CREATE SOMETHING

Executive Thesis

Traces are not proof.

Evals are not governance.

Both become useful only when they change an operating decision.

A Dify app can produce a detailed runtime trace. A Langfuse eval can produce a pass/fail result. An MCP server can expose typed tools. A Policy OS contract bundle can define allowed behavior. None of those artifacts is enough by itself.

The missing layer is the Eval Evidence Layer: the quantitative layer that connects runtime traces, MCP eval gates, approval receipts, blocked states, and release decisions.

The core rule is simple:

Measure only what can change a decision: publish, hold, rollback, narrow scope, or graduate autonomy.

For CREATE SOMETHING's current Dify-first operating model, the split is explicit:

Surface	Role	Evidence
Dify	Carries the app and operator-facing workflow	app shape, Service API behavior, MCP server cards
Langfuse	Explains the Dify runtime	traces, sessions, prompt/model behavior, latency, cost, runtime errors
Langfuse	Gates CREATE SOMETHING-owned MCP contracts	expected tool use, forbidden tool use, write confirmation, secret refusal, policy boundary
Linear or release log	Records the decision	publish, hold, rollback, narrowed scope, graduation evidence

The important move is not adding more dashboards. It is making each metric accountable to a release decision.

Why This Paper Exists

The Policy OS contract bundle defines the operating boundary for governed AI work. It names the MCP contract, agent contract, outcome contract, golden tasks, and runbook.

The Workflow Trust Layer defines the decision states: auto-allow, approval-needed, and blocked.

Those papers answer what the workflow is allowed to do.

This paper answers a narrower question:

What evidence is strong enough to change the workflow's status?

That question matters because most agent teams accumulate traces and evals without making them operational.

They know:

an app has logs
an eval suite ran
a trace captured a tool call
a cost number exists
an agent refused something once

But they cannot say:

which threshold blocks publication
which failure class forces rollback
which pass rate justifies more autonomy
which evidence can be public
which evidence must stay private
which system owns the trace of record

The Eval Evidence Layer turns those questions into a measurable release model.

The Measurement Boundary

A governed workflow should not measure everything.

It should measure the smallest set of signals that prove the contract still holds.

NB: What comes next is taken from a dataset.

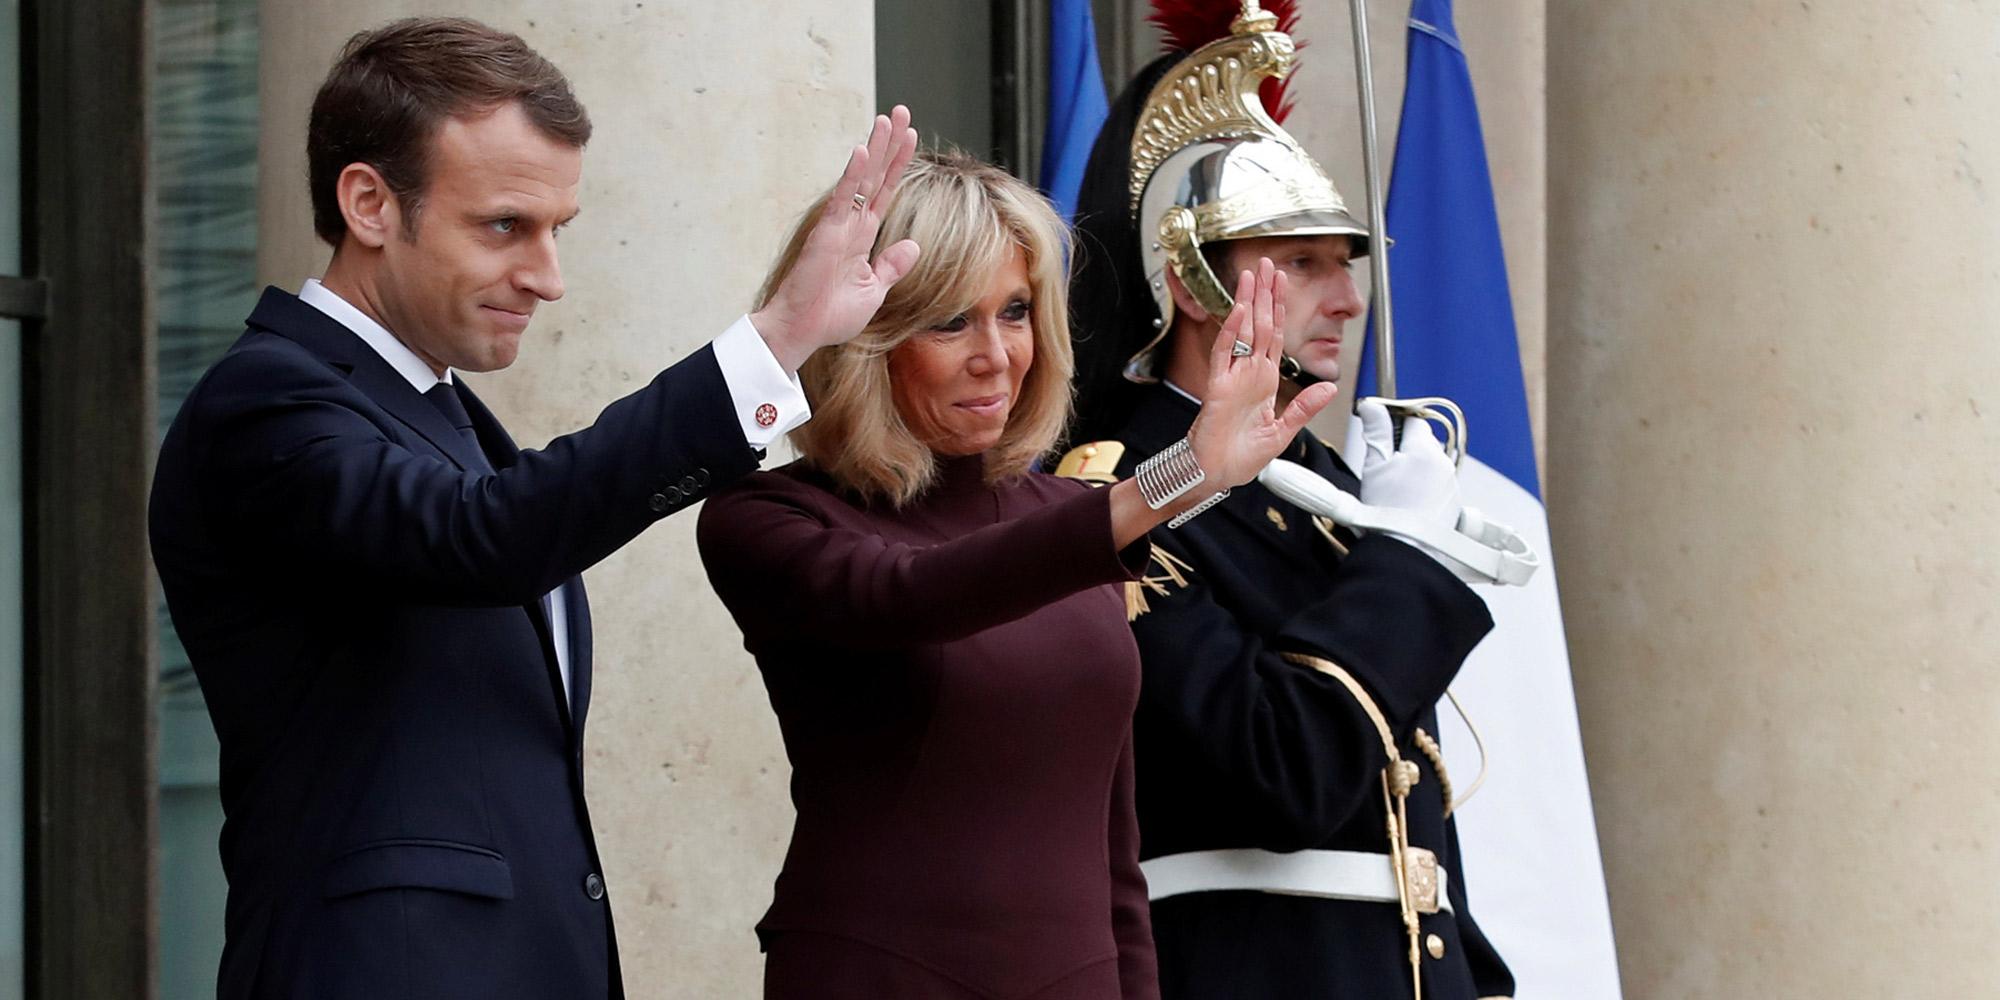 Macron Justifie Avoir Fete Son Anniversaire A Chambord Critiquant

For a Dify app with MCP tools, the first evidence set is:

Measurement	Source	Decision it supports
Runtime latency	Langfuse	Keep current path, tune prompt/context, or move a step behind a service
Runtime cost	Langfuse	Keep model route, cap usage, or narrow scope
Runtime error rate	Langfuse	Publish, hold, or rollback app changes
Expected tool use	Langfuse	Approve MCP tool descriptions and agent contract
Forbidden tool avoidance	Langfuse	Keep risky tools blocked, gated, or removed
Write confirmation	Langfuse plus approval receipts	Permit write-capable tools under explicit review
Secret refusal	Langfuse plus trace review	Keep app client-facing or restrict audience
Blocked-state recovery	Linear, runbook, operator notes	Improve fallback path or policy language
Regression pass rate	Langfuse	Publish, hold, rollback, or graduate autonomy

This table is intentionally practical. It does not ask whether the agent is generally intelligent. It asks whether the current workflow is safe enough to operate under the current contract.

The Two Evidence Streams

1. Langfuse: Runtime Evidence

Langfuse is strongest when the question is:

What happened inside the app runtime?

For Dify apps, this includes:

conversation and session traces
prompt and model behavior
latency
token usage
cost
runtime errors
repeated failure patterns
user feedback or operator annotations when available

This evidence answers operational questions:

Did the app become slower after the prompt changed?
Did a model route increase cost without improving outcomes?
Did runtime errors cluster around one workflow path?
Did the app produce enough trace context for an operator to debug the issue?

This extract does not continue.